NPU Data Dump

  1. Modify the training script and insert the dump configuration.
    • Training configuration example in session.run mode:
      import precision_tool.tf_config as npu_tf_config
      config = npu_tf_config.session_dump_config(config, action='dump')
      sess = tf.Session(config)
    • Training configuration example in Estimator mode:
      import precision_tool.tf_config as npu_tf_config
      dump_config=npu_tf_config.estimator_dump_config(action='dump')
      npu_config = NPURunConfig(dump_config=dump_config)
    • In session.run mode, the dump configuration and Rec SDK TensorFlow model saving cannot be used at the same time.
    • During multi-device training, you only need to add the dump configuration to the training of one device. Otherwise, data conflicts will occur when multiple devices save data at the same time.
  2. Perform training.

    Change the maximum number of training steps to 1 and perform training. The dump data file is generated in the directory specified by precision_data/npu/debug_0/, that is, precision_data/npu/debug_0/dump/{time}/{deviceid}/{model_name}/{model_id}/{data_index}. The following is an example of the file directory structure:

    precision_data/npu/debug_0/dump/20240125153144/0/ge_default_20240125153322_41/6/0/
    Table 1 Dump data file path format

    Path Key

    Description

    Remarks

    dump_path

    Dump data path.
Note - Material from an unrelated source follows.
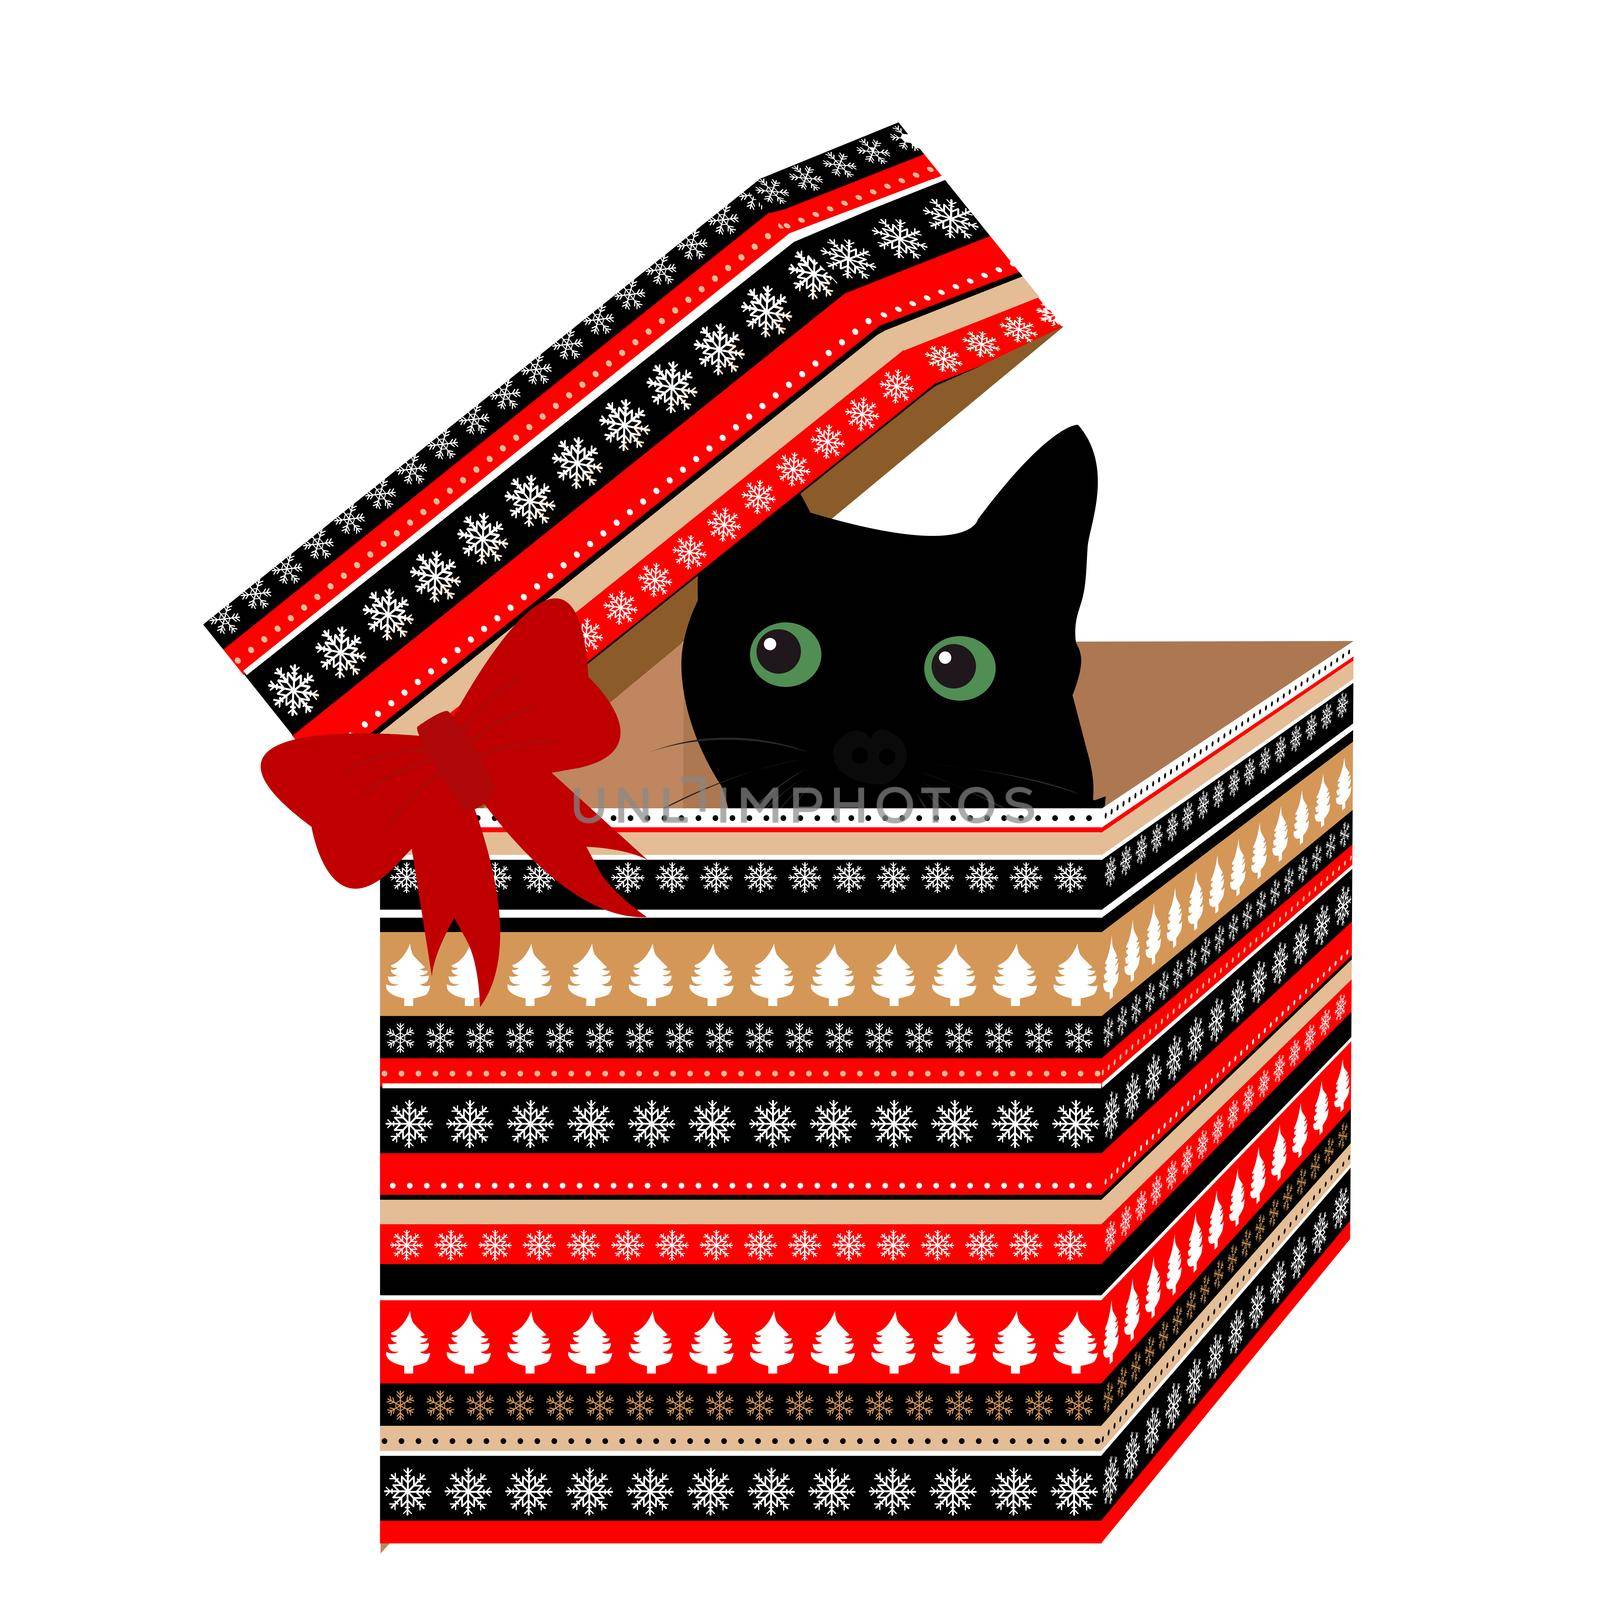 Gift box for Christmas with black cat in it

If a relative path is set, the full path is used.

    -

    time

    Time when the dump data file is flushed to drives.

    Format: YYYYMMDDHHMMSS

    deviceid

    Device ID.

    -

    model_name

    Subgraph name.

    The model_name layer may have multiple folders. The dump data is obtained from the directory corresponding to the computational graph name.

    If the value of model_name contains periods (.), slashes (/), backslashes (\), or spaces, replace them with underscores (_).

    model_id

    Subgraph ID.

    -

    data_index

    Number of iterations to be dumped.

    If dump_step is specified, the value of data_index is the same as that of dump_step. If dump_step is not specified, the value of data_index starts from 0 and increases by 1 each time an iteration is dumped.